April 28 (Bloomberg) -- Australia’s planned carbon trading system risks the viability of some of its largest exporters and employers and acts as a A$2.5 billion ($1.8 billion) “de- stimulus package,” the nation’s biggest steelmaker said.

The proposed system has “obvious and serious flaws” and may cost “many thousands of Australian workers” their jobs, Graham Kraehe, chairman of Melbourne-based BlueScope Steel Ltd., said today.

Australia’s draft regulations for the trading system propose 90 percent free permits for industries such as steelmaking that are emissions intensive and face competition from rivals that don’t pay carbon costs. Yet the effective rate of free permits is likely to be as low as 58 percent, Kraehe said today, without elaborating.

“The Australian economy will survive the economic downturn but it may not survive the” emissions trading system, Kraehe said in an address in Brisbane, a copy of which was e- mailed to Bloomberg.

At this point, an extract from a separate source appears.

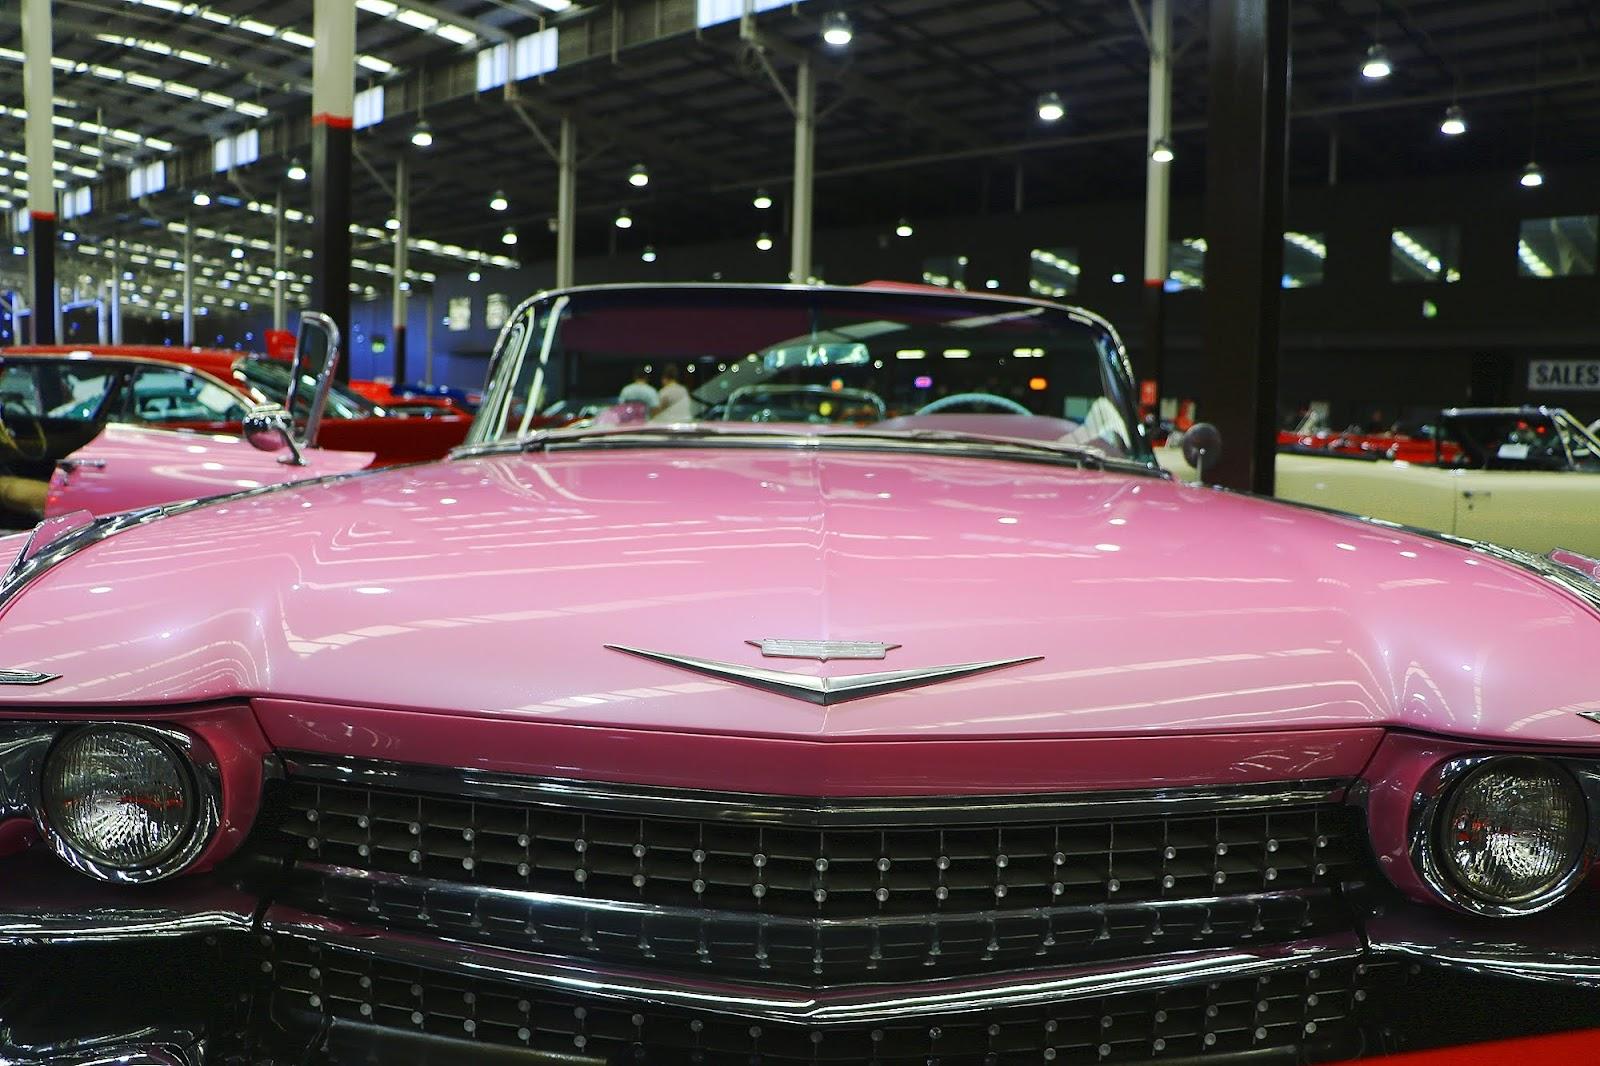 1962 Cadillac Series 62 Convertible (06).jpg

BlueScope’s board can’t commit to a proposed investment of more than A$1 billion in an emissions abatement project under the draft regulations, he said.

The carbon trading plan is due to start on July 1, 2010. It’s intended to help Australia reach a target of cutting greenhouse gas emissions, blamed for global warming, by between 5 percent and 15 percent of 2000 levels by 2020. The government has a long-term target of reducing emissions by 60 percent by 2050.